Mientras me escondo en su seno y ella me acaricia mi nuca con sus dedos helados, no dejo de preguntarme si estoy poniendo la misma cara de mi perro cada vez que le rasco detrás de la oreja. ¿Acaso estoy haciendo el mismo ronroneo que hace mi perro (aún no siendo gato) cada vez que le acaricio el pecho? No me he dado cuenta en realidad.
¿Qué terminales nerviosas habrá en mi nuca que me hace recordar a la cara de mi perro cuando disfruta la paz de una caricia tan delicada y furtiva?
Es que en estos momentos ella es sólo un cuello, y un pecho, y una mano que acaricia mi pelo, y le corresponde mi mano a su cintura.
En estos momentos que me acaricia, ella no tiene rostro, ni piernas.
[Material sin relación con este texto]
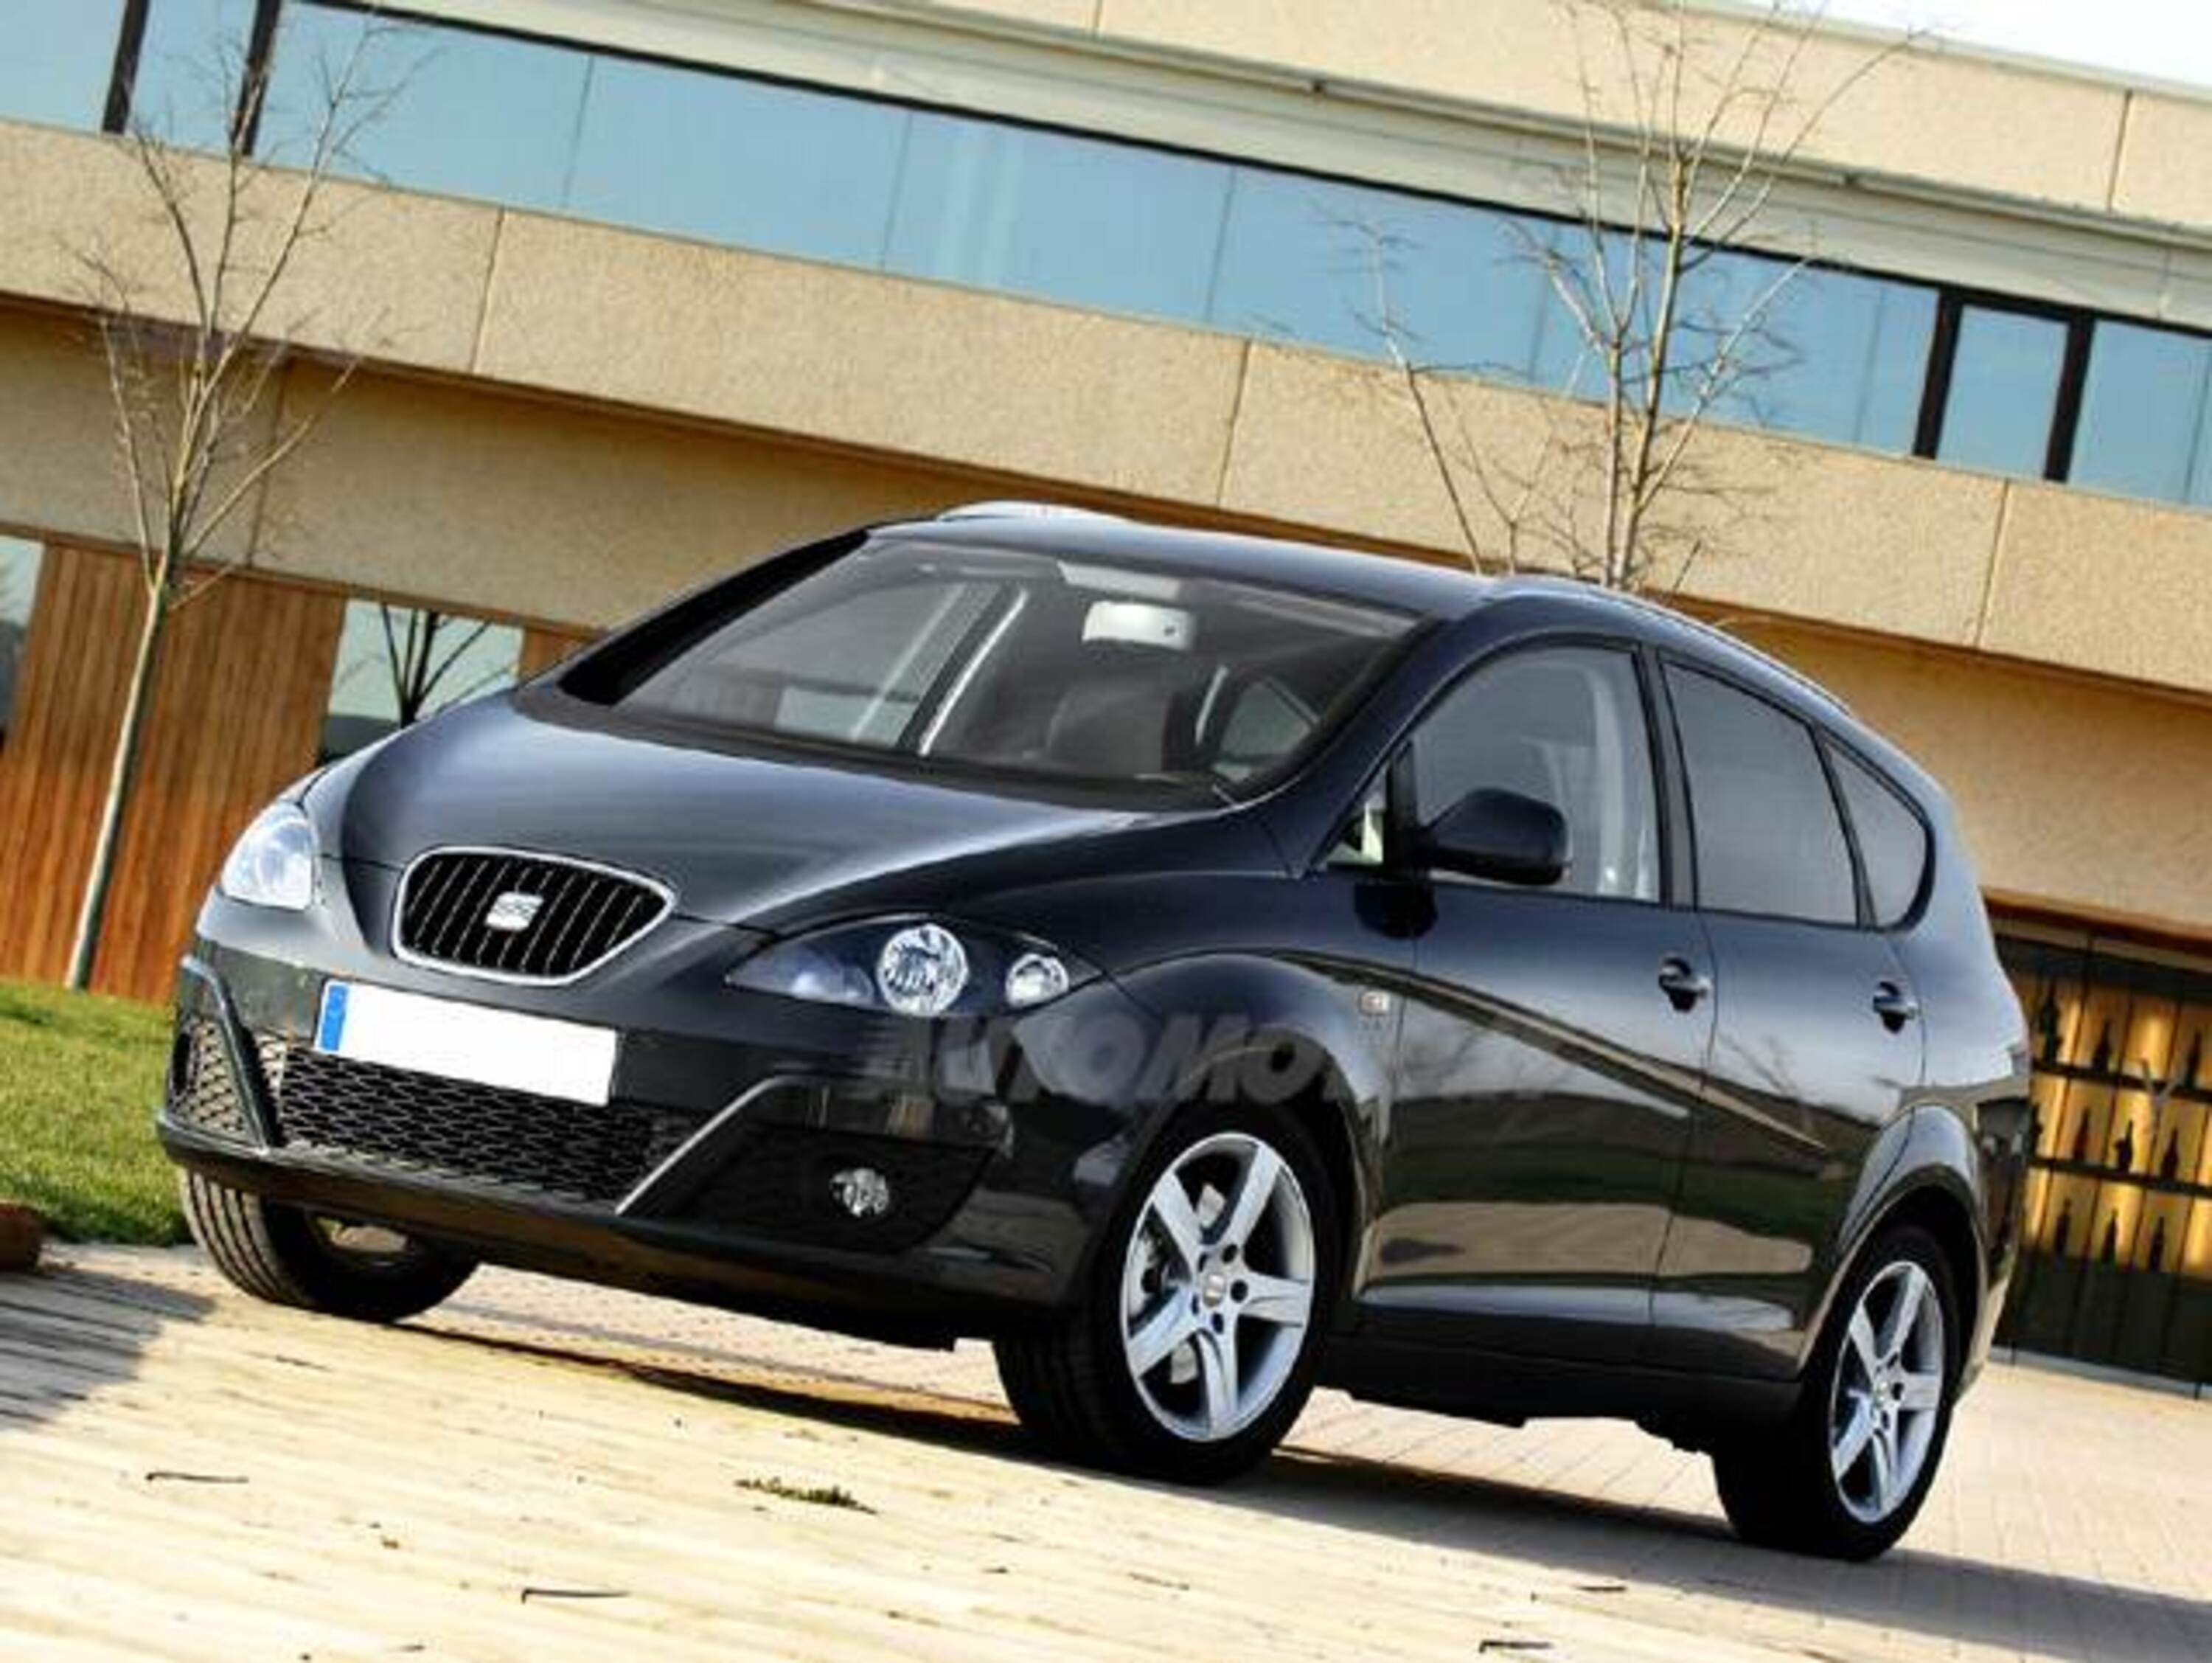 SEAT Altea XL 1.6 Reference (MY09)

Ella no tiene casa, ni pasado ni porvenir, no tiene vida.
Ella, mientras me acaricia, es sólo una caricia. En mi ronronear canino ella es sólo una caricia.
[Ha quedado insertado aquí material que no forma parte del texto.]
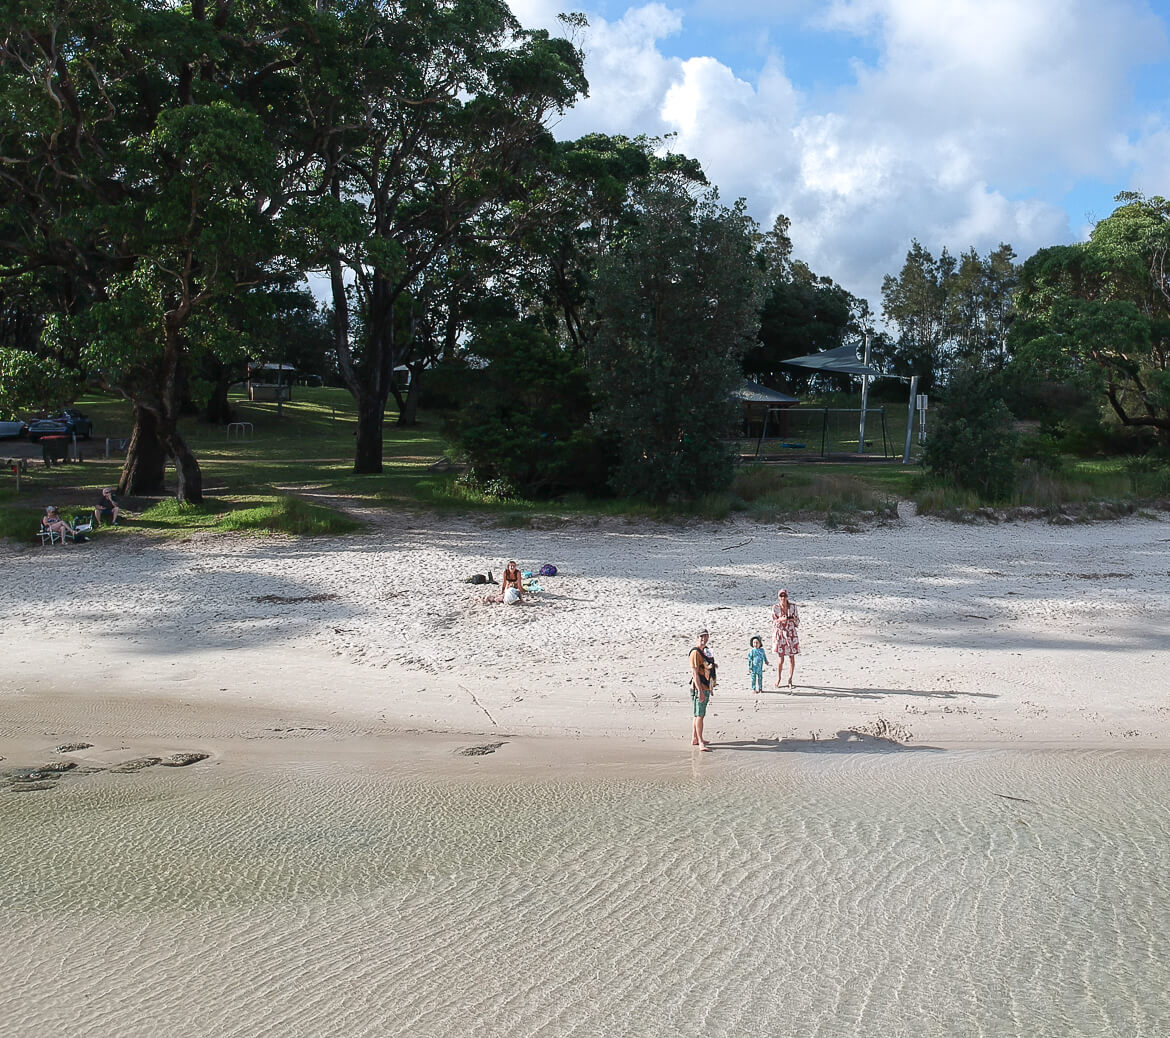 A family enjoying the shallow waters of Moona Moona Creek in Huskisson

Ella no existe en realidad. Soy sólo yo dentro de la calidez de ese gesto; soy sólo yo entre sus fríos dedos, sus heladas manos por la madrugada, por el sereno, por su hipotensión.
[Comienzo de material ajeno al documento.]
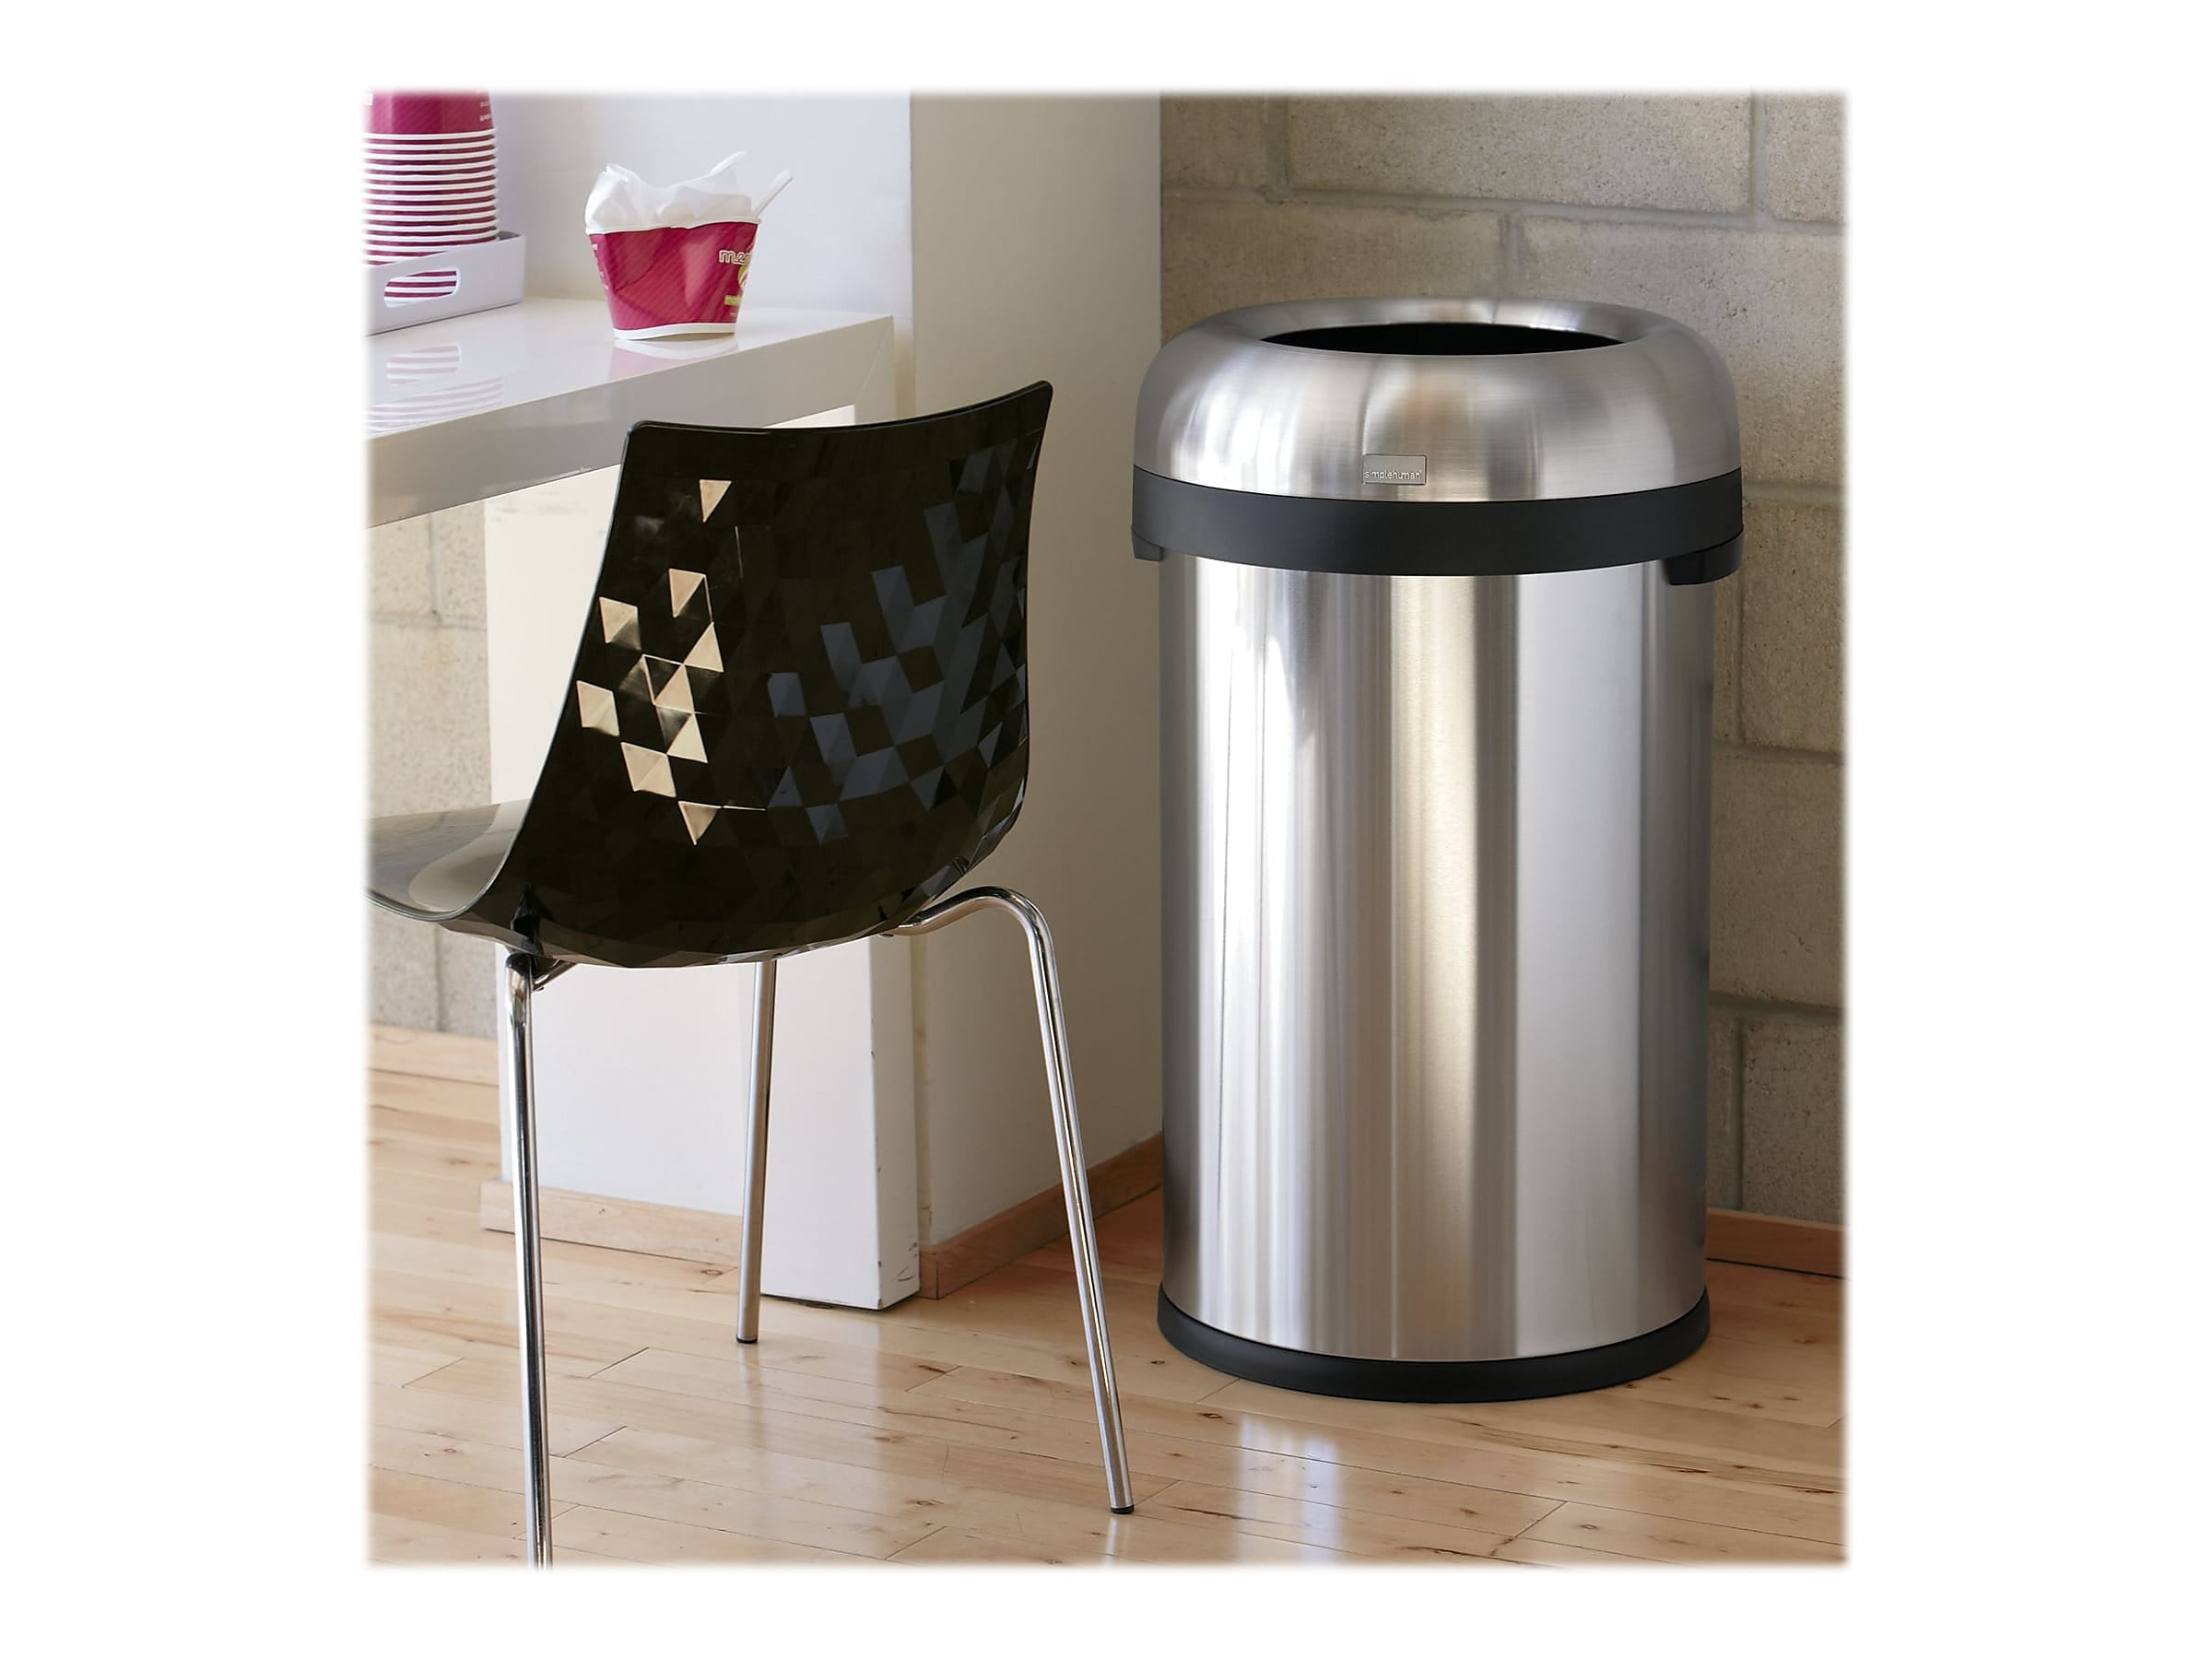 30 Gallon Stainless Steel Office Black Trash Can, Open Top Garbage Can for  School, Hotel ,Hospital, Elevator Entrance, Supermarket

Sólo me zambullo en ese sentimiento que no la contempla a ella, por qué he extrañado esta sensación, este dolor de estómago que no es como el nudo de rutina que vive más adentro que mi ombligo, si no que es ese dolor de soltura, de relajación, de paz…
Y me preguntó ¿quién es que me entrega esa paz?
Es sólo ella siendo ella, o es una mano cualquiera, y un seno cualquiera, y unos dedos cualquiera, en cualquier calle, con cualquier frío y en cualquier lugar.
¿Tanto ha pasado desde mi última caricia?
¿Para mi es sólo su mano o toda su libertad?